Friday, October 14, 2011

Think Positive

It's Friday night again.  It seems like the rest of my roommates are going out together and having fun.  Good for them.  In the past, I was hurt when I felt like I was the odd man out, but honestly, it doesn't matter to me this year.  I know that anything deeper than a few hi and byes, and a casual conversation every now and then would be an action in futility, so meh.

I met with Dr. Poizner again today and he has helped me a lot.  One of the things he told me was that it seemed like I'm mentally holding myself back with my constant negative thoughts.  He said that I need to balance it out with more positive and realistic ones.  He's right, I need to have more positive thoughts.  I also asked him what was the general format for dating like.  How it starts, how to move from initiation to something long term.  It was nice to hear it from someone who has experience with a normal relationship.  What sucks now is that I have no idea where to go from here on out.  Dr.
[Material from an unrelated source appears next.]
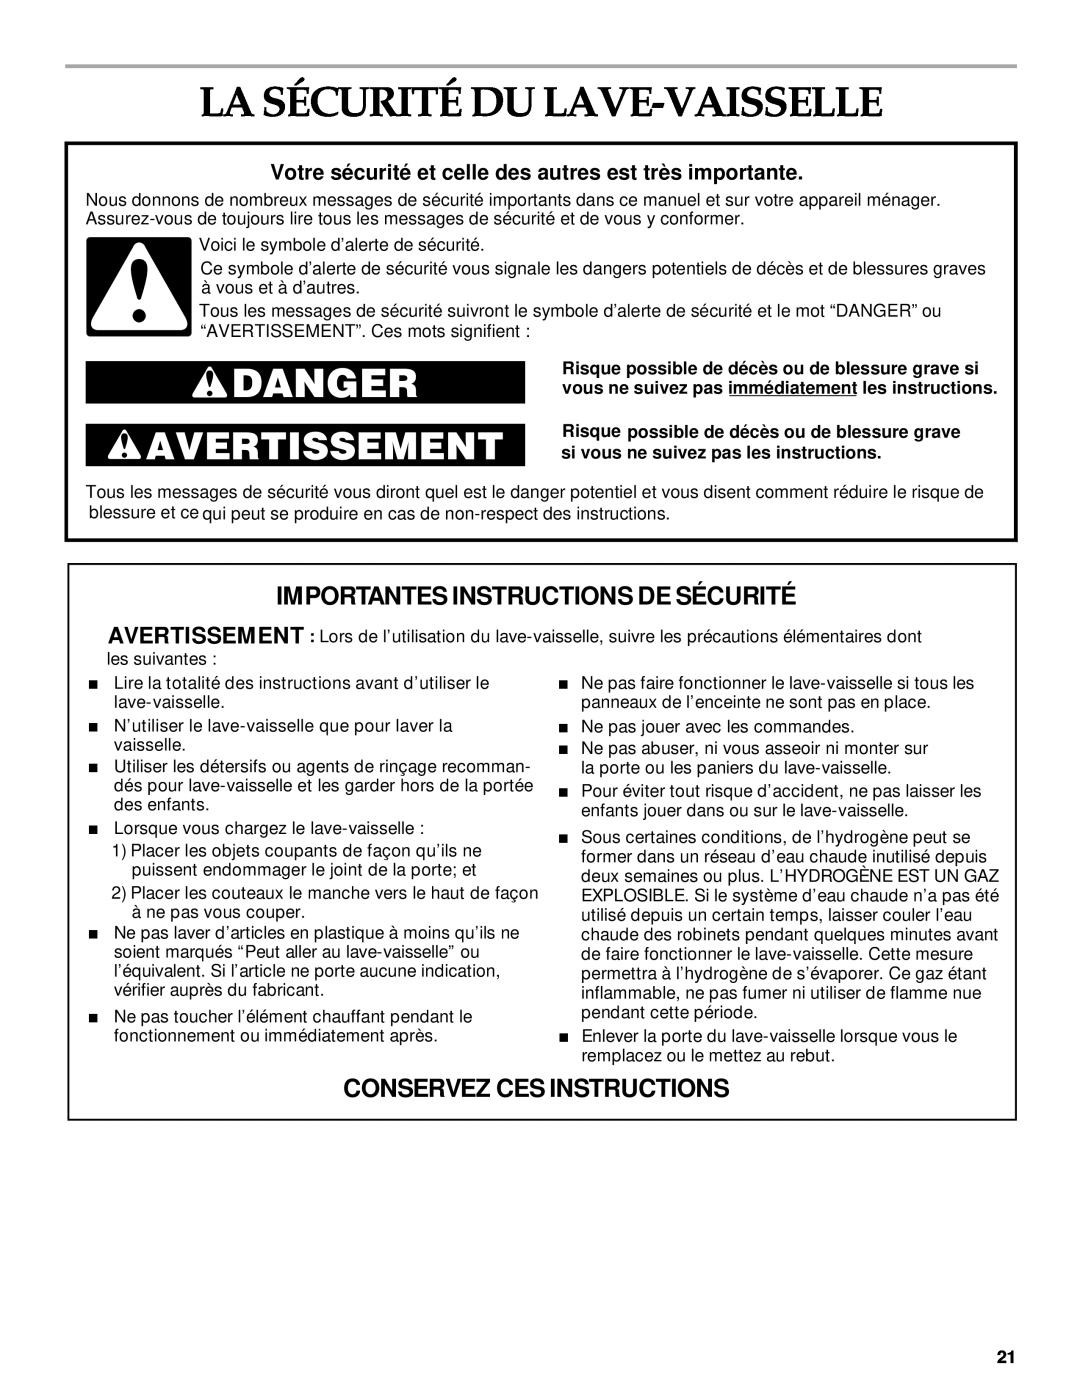 KitchenAid KUDP01TJ manual La Sécurité Du Lave-Vaisselle, Importantes Instructions De Sécurité, Conservez Ces Instructions 
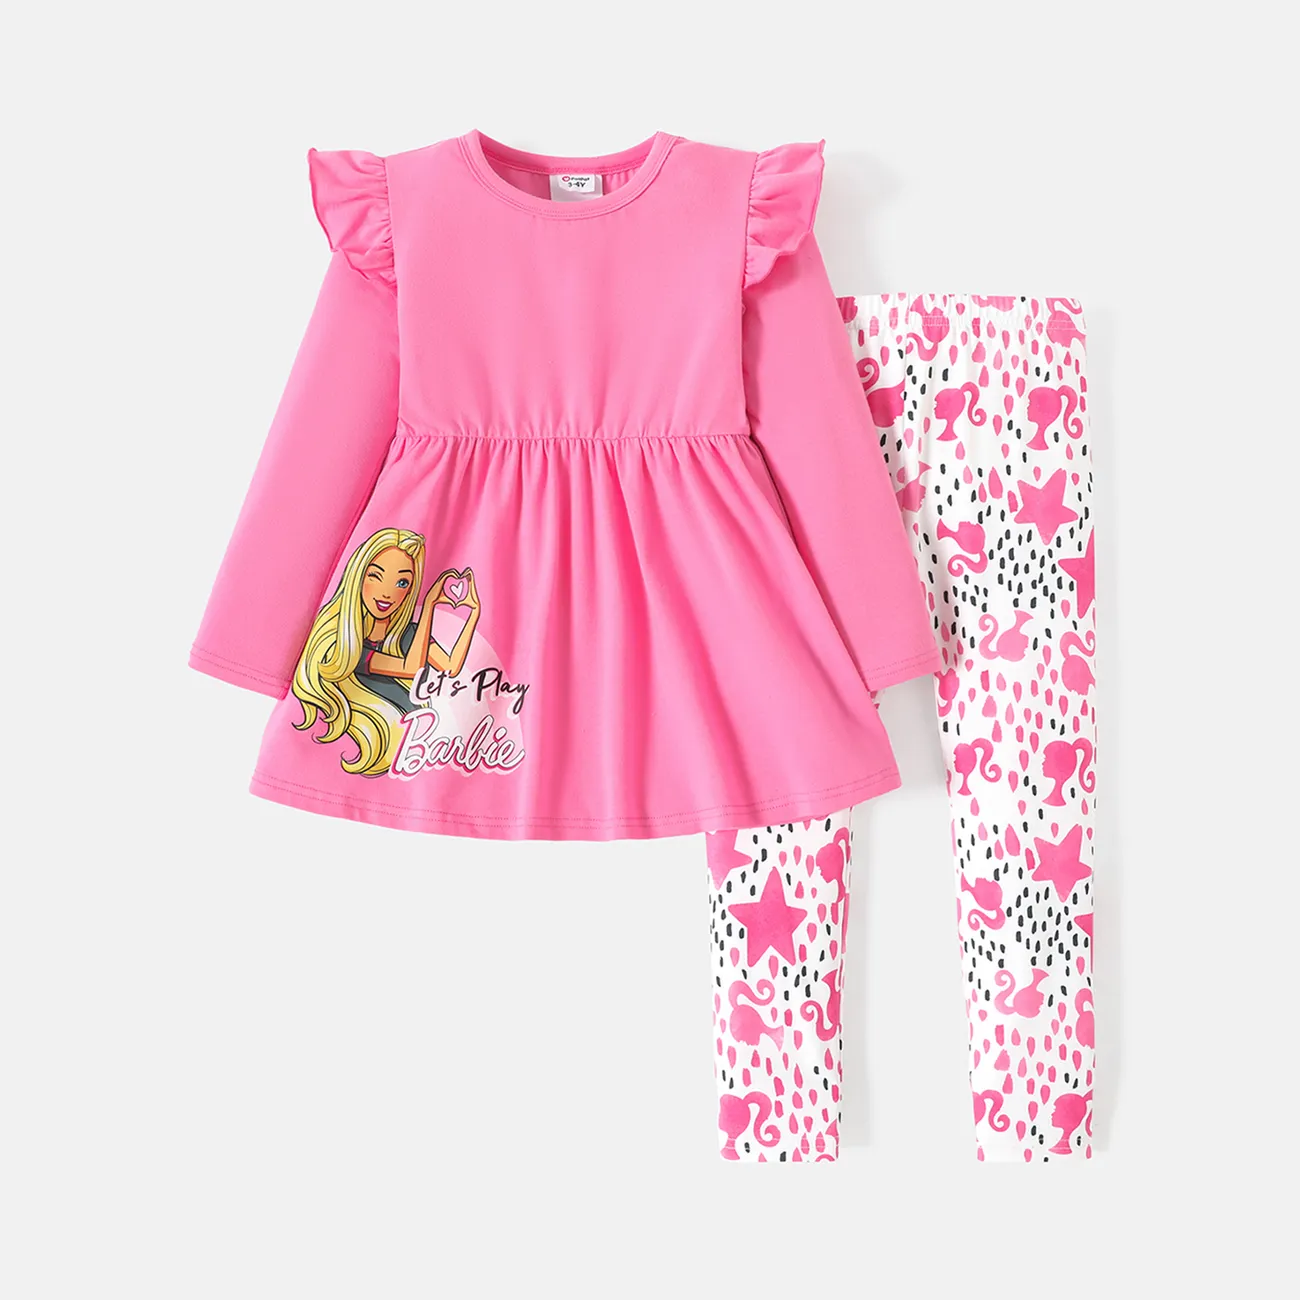 Barbie 2 unidades Criança Menina Extremidades franzidas Bonito conjuntos de camisetas Rosa big image 1

Poizner asked me what I wanted to accomplish from now on and I honestly couldn't think of anything.  Is this it?  Did I hit a brick wall and this is how it ends?  I hope not because I don't feel that much different than when I first started.

On another note, I finally sent the notes I typed up to Julia.  I don't expect anything to happen, but it will be nice to do something nice for her.  I saw her several nights ago at the village market, it might be the last time I see her...

Note to self: Think positive and realistic thoughts.